Pionier e-mobilności
Nowy zakup na krótsze i dłuższe wyjazdy. Gabarytowo lodówka (25l) ładnie się mieści pod podłogą bagażnika, zostawiając sporo przestrzeni na wymianę ciepła. Chociaż na dalszą trasę to raczej trzeba będzie pomyśleć o zapewnieniu cyrkulacji powietrza. Ponieważ jest to zestaw "zrób to sam", wrzuciłem do środka czujnik temperatury na BT, drugi obok, żeby mieć zdalny monitoring temperatury wewnątrz i na zewnątrz lodówki. Dodatkowy ficzer to powerbank, który jest w stanie podtrzymać lodówkę około 6 godzin (jeszcze nie testowałem), a jednocześnie można go wyjąć i używać do dowolnego celu, z ładowaniem laptopa włącznie (gniazdo USB-C 60W).

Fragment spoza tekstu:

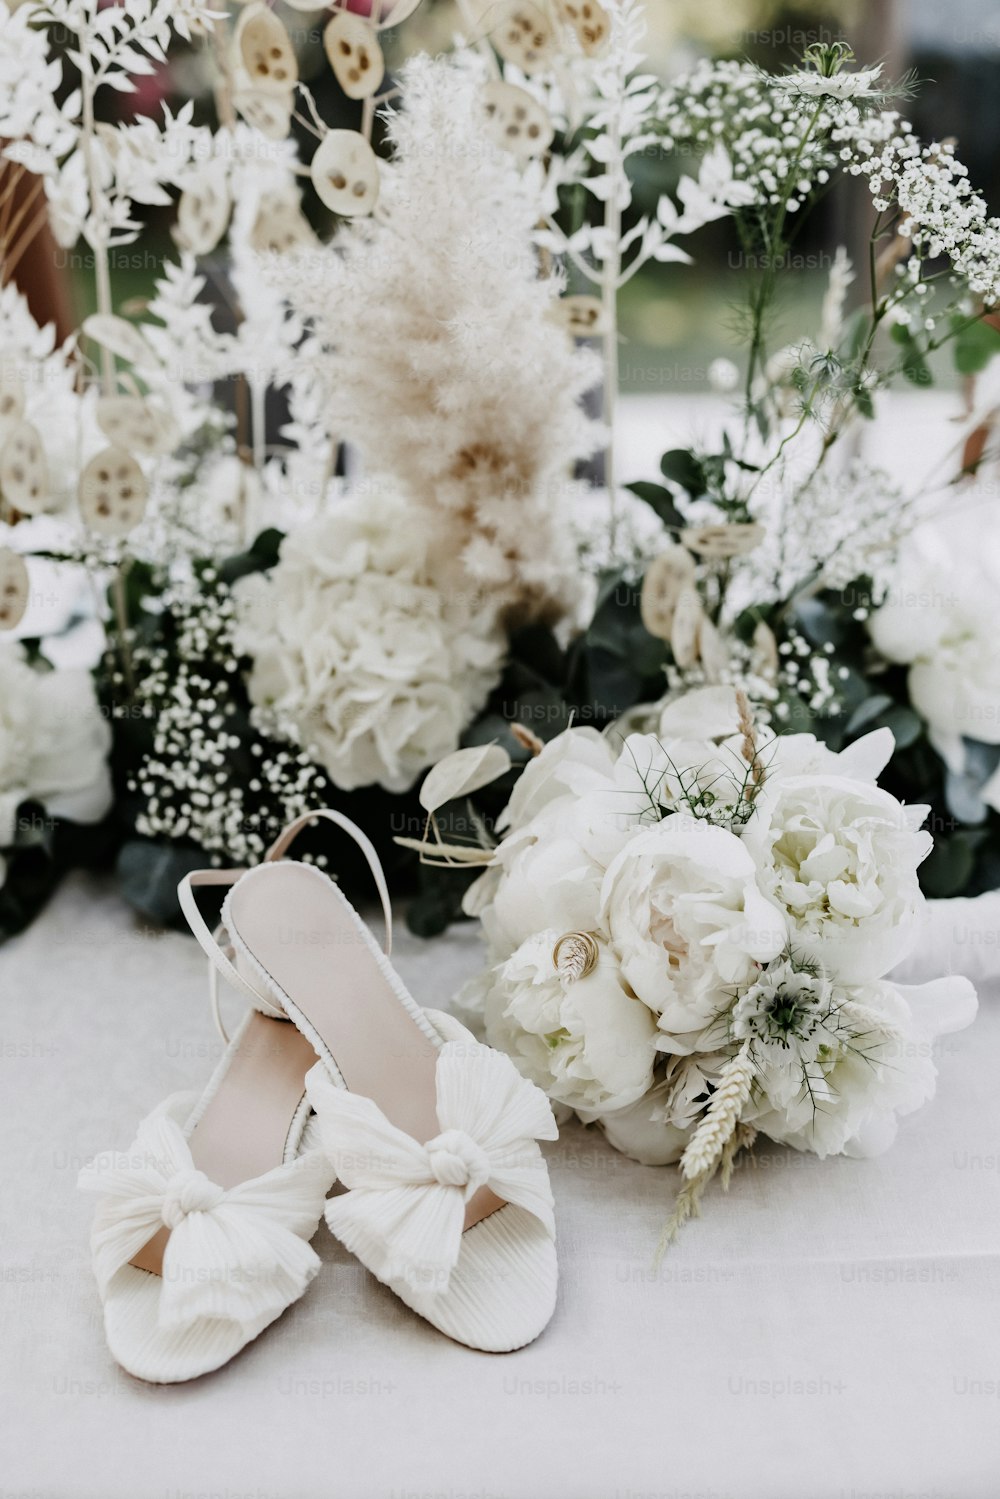 Un par de zapatos blancos sentados encima de una mesa

A no i jak na porządną lodówkę przystało - jest światło w środku :)

IMG_5459.jpeg
IMG_5461.jpeg
IMG_5460.jpeg
 

Raf24

Fachowiec
Szukam i szukam, gdzieś przewinęło mi się z inforozrywki ,efekt kręcenia rozrusznikiem i przygasające lampy czyli taki stary trup 😂. Film był gdzieś z garażu podziemnego.
 

KrzysztofFly

Moderator
Szukam i szukam, gdzieś przewinęło mi się z inforozrywki ,efekt kręcenia rozrusznikiem i przygasające lampy czyli taki stary trup 😂. Film był gdzieś z garażu podziemnego.
To był Light Show, szukaj na jakiejś stronce z takimi i pobierz.
 

daniel

Señor Meme Officer
Szukam i szukam, gdzieś przewinęło mi się z inforozrywki ,efekt kręcenia rozrusznikiem i przygasające lampy czyli taki stary trup 😂. Film był gdzieś z garażu podziemnego.

 

ravemariusz

Nowy na Forum
Czy wasze chińskie kołpaki też bardzo ciężko zdemontować? Potrzebowałem skorygować ciśnienie w oponach, a że kształt nie pozwala na pompowanie w wentyl bez demontażu to musiałem zdemontować. Masakra, kilka takich demontaży i pewnie popękają.
Jeśli też tak ciężko macie z demontażem to może ma ktoś jakiś patent i sie podzielicie
 

SlawekW

Zadomawiam się
Czy wasze chińskie kołpaki też bardzo ciężko zdemontować? Potrzebowałem skorygować ciśnienie w oponach, a że kształt nie pozwala na pompowanie w wentyl bez demontażu to musiałem zdemontować.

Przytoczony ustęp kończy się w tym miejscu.